Kinross – Net Debt (Company Filings, Author’s Chart)

finally, Kinross’ balance sheet shows the company is certainly not in nearly as good of a position as its peers. While Barrick is sitting with a net cash position, Kinross has ~$2.0 billion in net debt, even if it does have $2.0 billion in available liquidity. This means that while Barrick can continue to take advantage of buying back shares, paying out generous dividends, and even doing opportunistic M&A if gold were to fall further and hit new lows, this would be a lot more difficult for Kinross, given its weaker balance sheet. So, while I don’t think Kinross’ debt levels are alarming by any means, I think the largest producers with the best balance sheets could thrive if gold prices head below $1,550/oz for some reason, while Kinross would be in a position more to survive. Let’s take a look at the valuation:

Valuation and Technical Picture

Based on an estimated ~1235 million shares outstanding (year-end 2022) and a share price of US$4.40, Kinross trades at a market cap of ~$5.43 billion and an enterprise value of ~$7.4 billion. This leaves the stock trading at approximately 0.99x P/NAV vs. an estimated net asset value of $5.50 billion. From a cash flow standpoint, and even assuming conservative cash flow per share estimates of $0.91 in FY2023, Kinross trades at just ~4.8x forward cash flow per share vs. what I believe to be a fair multiple of 5.6, with this figure being a 20% discount to its historical multiple (~7.0x cash flow).

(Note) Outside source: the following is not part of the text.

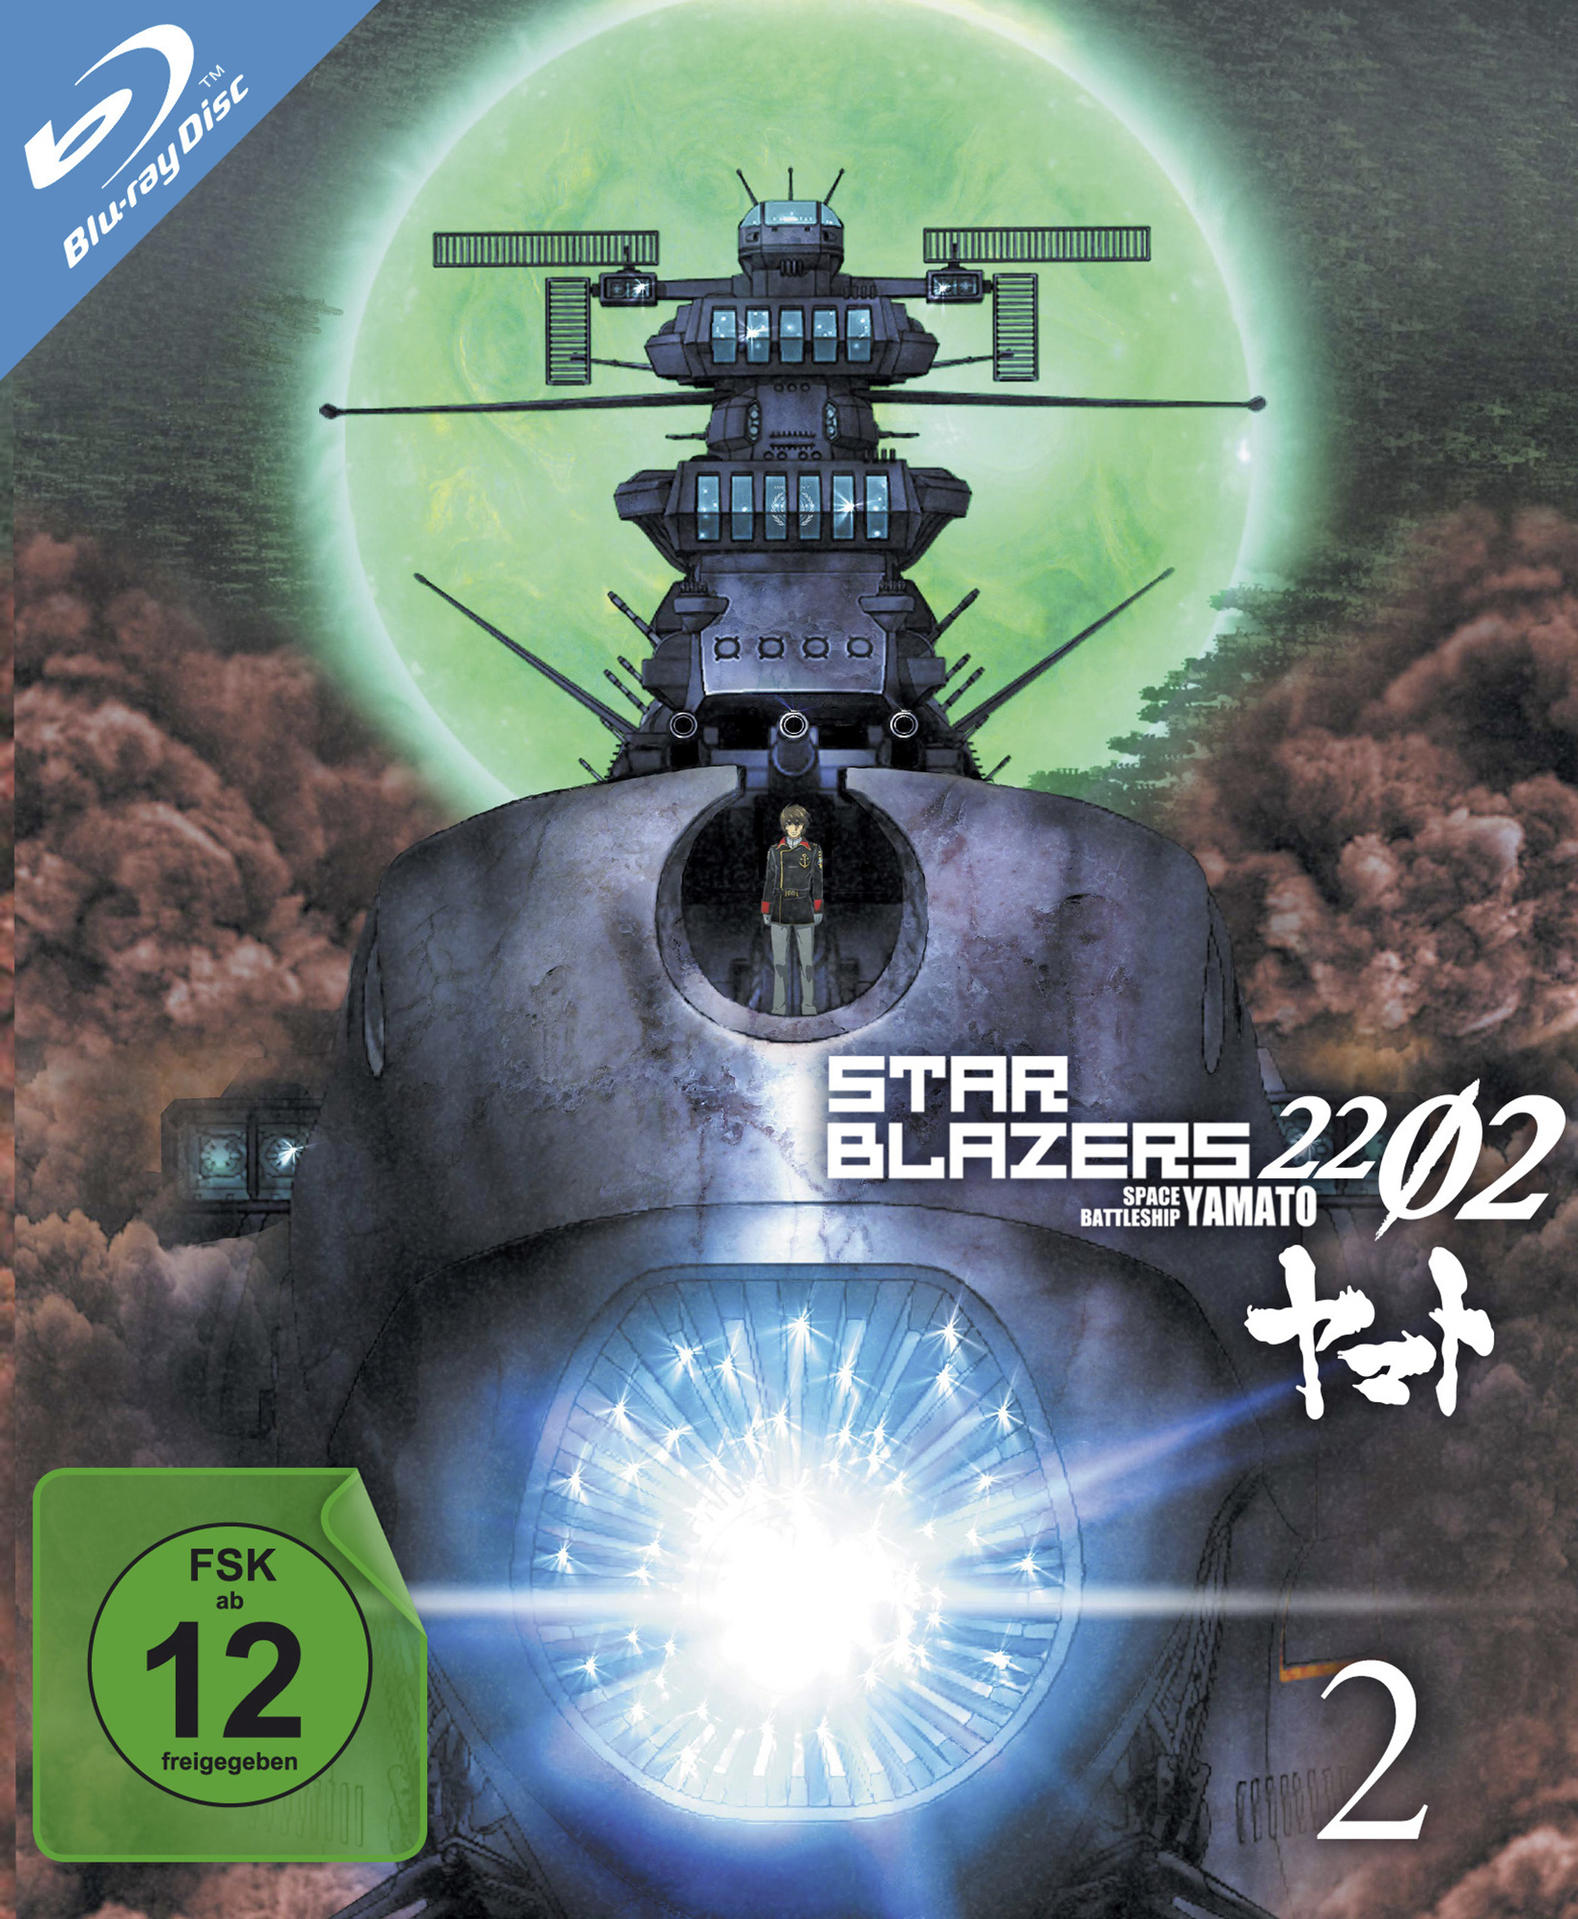 Star Blazers 2202 - Blu-ray Yamato Space Battleship Vol.2 
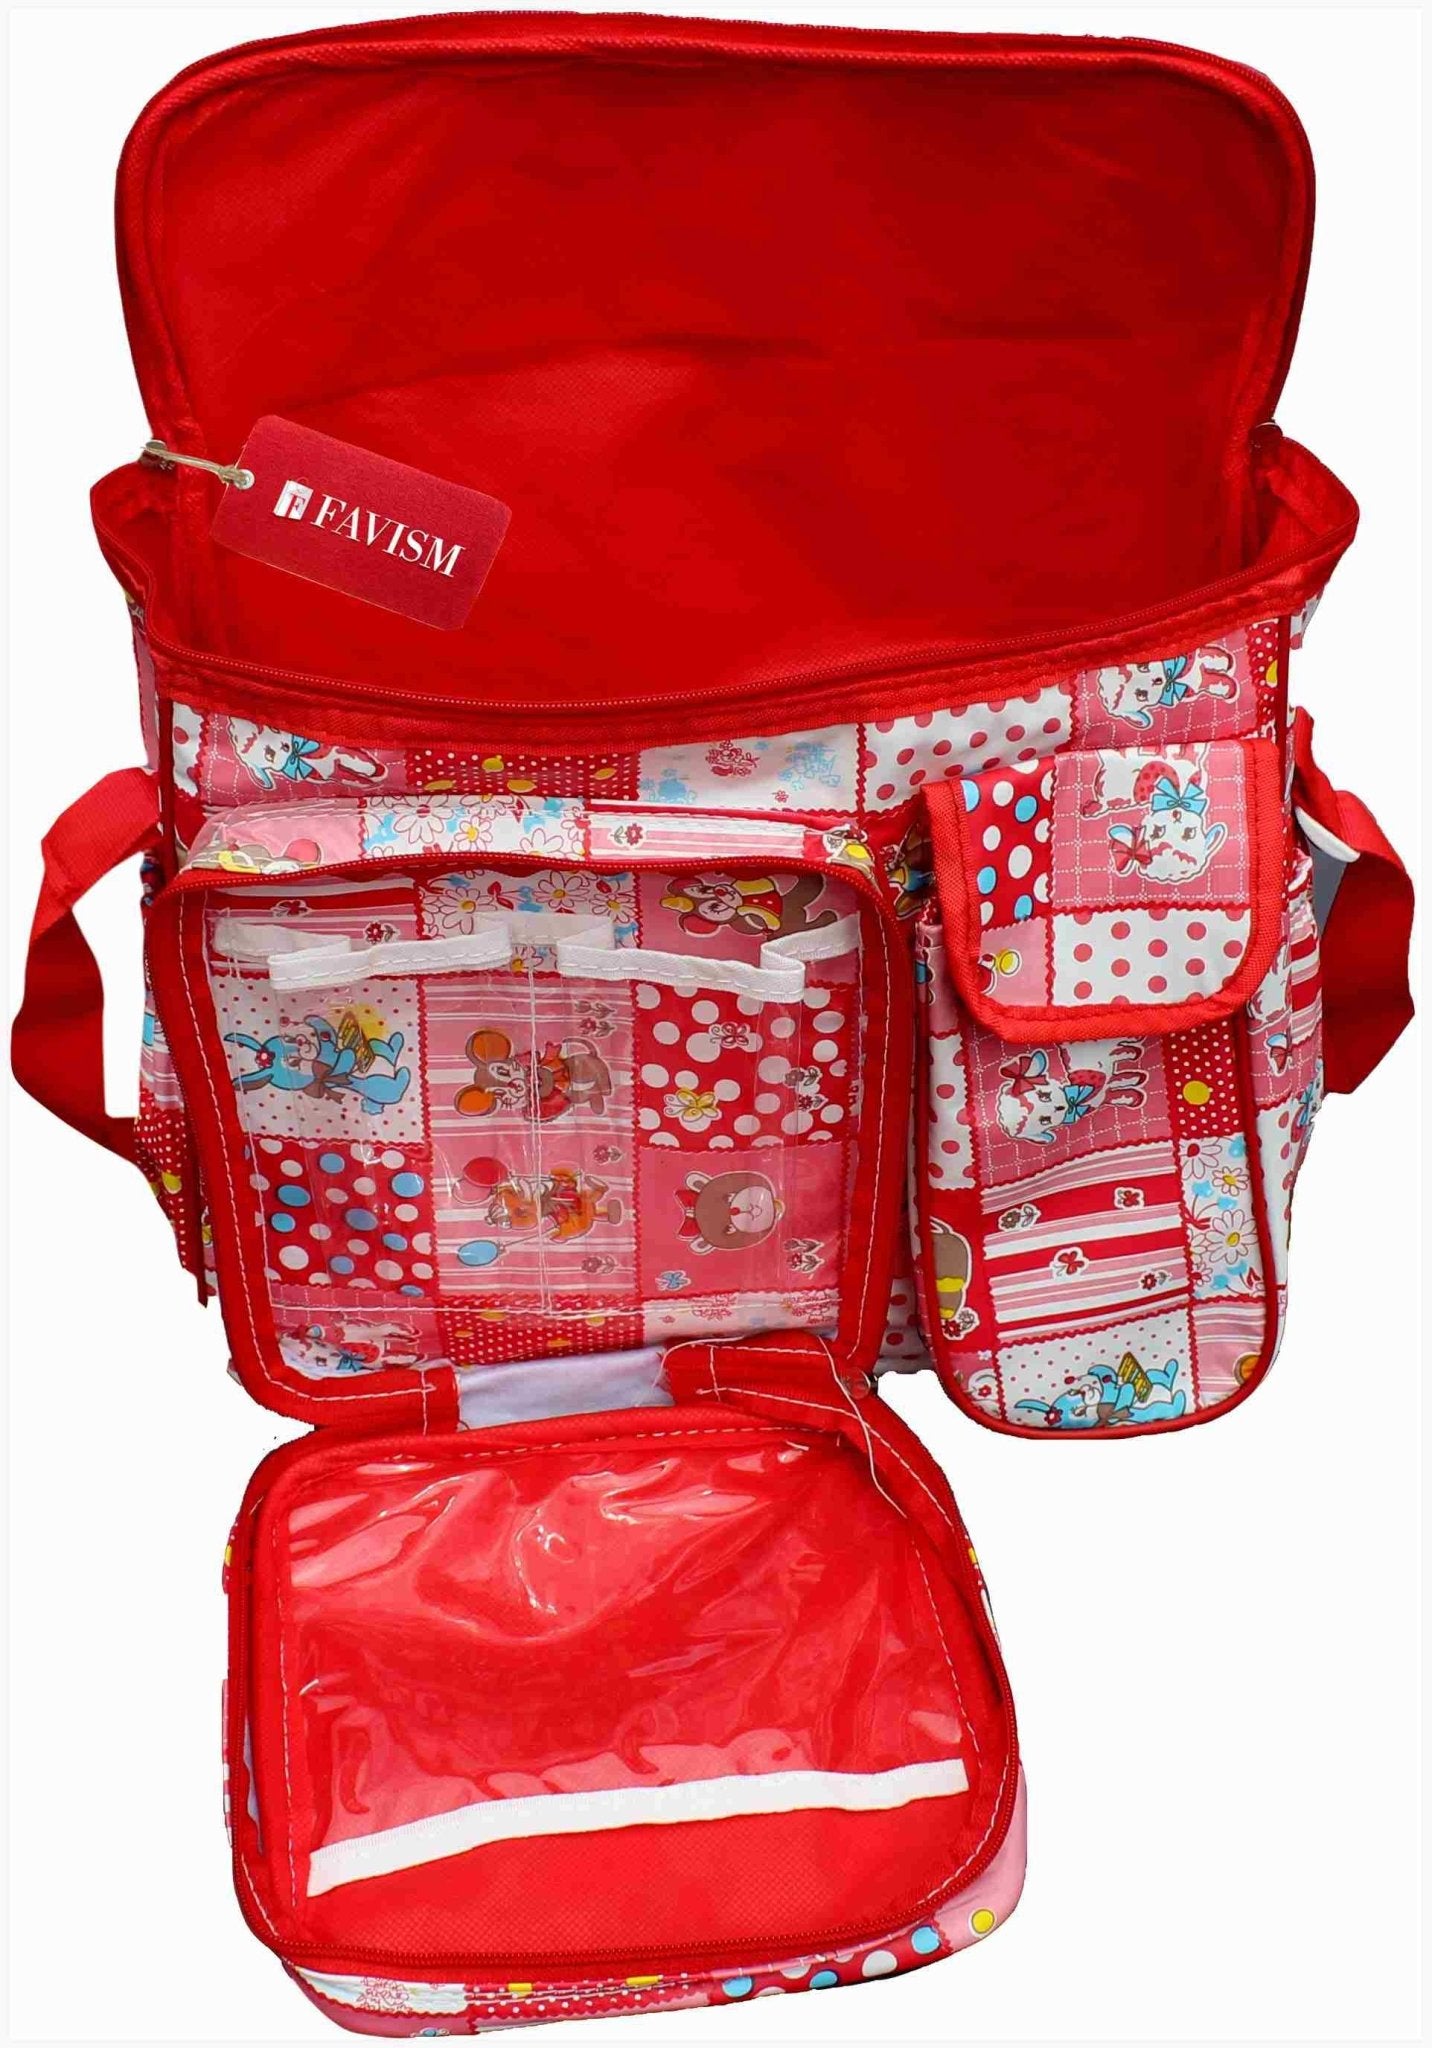 Baby diaper bag for mother | baby accessories bag | multipurpose bag - FAVISM

If we assign a P/NAV multiple of 1.10x to Kinross to derive fair value and a fair cash flow multiple of 5.6, we arrive at a price target of US$4.88 and US$5.10, respectively. After weighting 60% to the P/NAV price target and 40% to the P/CF price target, I see a fair value for Kinross of ~US$5.00 per share. So, while the stock was significantly undervalued at my last update in late July, where I had a bullish view on the stock, I have since exited my position at US$4.25, given that the recent rally left the stock only 15% undervalued. This doesn’t mean that KGC won’t go higher, but with some growth stories trading at deep discounts to net asset value, I see more attractive bets elsewhere.

Kinross Article - July 31st

Kinross Article – July 31st (Seeking Alpha Premium)

Moving to the technical picture, Kinross’ recent rally has pushed it to the upper end of its expected trading range ($3.15 support vs. $4.70 resistance), with the stock currently having a reward/risk ratio of 0.24 to 1.0. Generally, I prefer a minimum 5.0 to 1.0 reward/risk ratio to justify entering new positions, so Kinross is nowhere near a low-risk buy point currently above $4.40. As pointed out above, this doesn’t mean the stock can’t keep climbing since a rising gold price will lift all boats. That said, if I were looking to put new capital to work in the gold sector, I wouldn’t be rushing to buy KGC above $4.40 per share.

KGC Daily Chart

KGC Daily Chart (


Kinross saw strong improvement in its production on a year-over-year basis, but this was primarily due to lapping easy year-over-year comps, and the company expects to see production come in below its guidance of ~2.15 million GEOs. Meanwhile, if we look out over the next three years, it looks like we’ll see limited growth in annual production, with FY2023, FY2024, and FY2025 estimates sitting at 2.1, 2.1, and 2.0 million GEOs, respectively. This means that Kinross will rely reliant on the gold price to grow cash flow and earnings per share than peers, and some growth stories like i-80 Gold (IAUX) and Agnico Eagle have considerably more upside to fair value, in my view. So, if I were looking to put new capital to work, I favor these two names in the small-cap and large-cap space.